Сын шагает молча. Феррари постукивает в коробке, которую он не выпускает из рук. Пожалуй, так мы погуляем ещё час или два, а потом я просто отвезу его домой. Я знаю, что всё это время меня будет сопровождать грызущее чувство потери. Тоски по маленькому ребёнку, который сейчас рядом, но расставание с ним неизбежно. Но что поделать, если жизнь так разделила нас?
– Я по тебе скучаю, – вдруг говорю я. – Ты скучал?
– Па-а-ап, – тянет Глеб, – давай купим сладкую вату?
11
– Мама, мама, я хочу младшего братика, – говорит Гарик Харламов.
– Ты что, он же спит! – говорит Тимур Батрутдинов.
Я поднимаю бокал коньяка и делаю большой глоток. Люся смотрит Comedy Club. Тихий сонный час между вечером и ночью. В комнате нет другого света, кроме экрана телевизора, и лицо жены в его мерцании то появляется из сумерек, то уходит в тень.
– Ватсон, Ватсон! Ватсон, поднимайтесь, у меня здесь замечательный мотоцикл!
– Что у вас там, Холмс?
– Я говорю, у меня тут опиум и я на скрипке играю. Поднимайтесь!
– Конечно, поднимаюсь!
Люся улыбается. Она любит Comedy Club и смотрит его практически каждый день. Раньше я советовал ей читать книги, но потом отстал с этими советами. Сам-то хорош, много читаю в последнее время? Нет. Книги раздражают меня, как запах табака раздражает человека, бросившего курить. И я успокаиваю себя мыслью, что потребление произведений искусства по большей части никчёмный процесс. Это кажется, что искусство чему-то учит, а на самом деле просто читаешь и коротаешь жизнь.

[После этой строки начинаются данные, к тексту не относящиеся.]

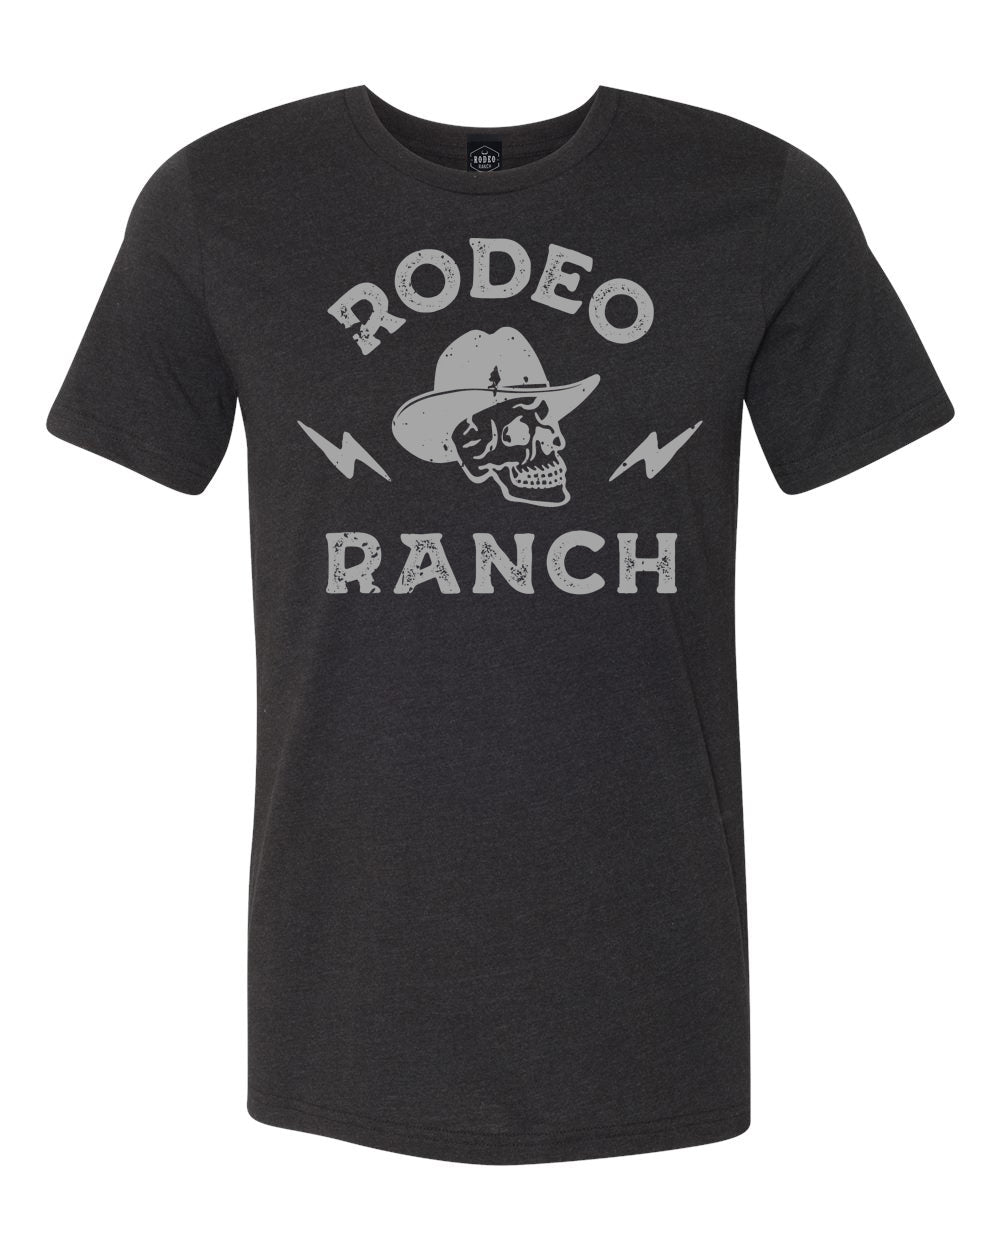 Rodeo Ranch Skull Short Sleeve Shirt - Heather Graphite

– Ватсон, ну вы по кругу бегаете! Давайте идите сюда! Так, давайте сразу. Оп! Опиум, чтобы хорошо. Замечательно! Ватсон, давайте я вам сыграю свой новый менуэт. Вот вы мне сделали, а я вам сыграю!
– Холмс, Холмс, Холмс!
– Шутка, шутка, шутка!
Я поднимаю бокал и осушаю его. Во рту горячо и сладко. Когда становится так горячо и сладко, легче терпеть это пустое время между вечером и ночью. Терпеть Comedy Club, молчание, неудобный диван и своё собственное бессилие. И я наливаю ещё.
– Ты решил пить каждый день? – спрашивает жена, не отрываясь от телевизора.
– Сегодня выходной, почему бы нет?
– Вчера был ром, сегодня коньяк.
– Ну и что, – я пожимаю плечами. Жидкость в бокале кажется тёмной, как крепкий чай.
– За наше общее здоровье! – говорю я. – За здоровые репродуктивные функции. Аминь!
Люся качает головой и утыкается в смартфон. Последние месяцы она много времени проводит так, читая беспрестанные сообщения в мессенджерах и отправляя реплики в ответ. Пожалуй, эта переписка уже весит около миллиона знаков, считая пробелы. Ровно столько мне бы хватило, чтобы отдать в издательство новый роман под своим именем.
– Рядом с уликой вторая улика. Так, смотрите: оп! Одну убили. Что произошло? Убийство! Мотива – ноль. Убийца я! Как вам?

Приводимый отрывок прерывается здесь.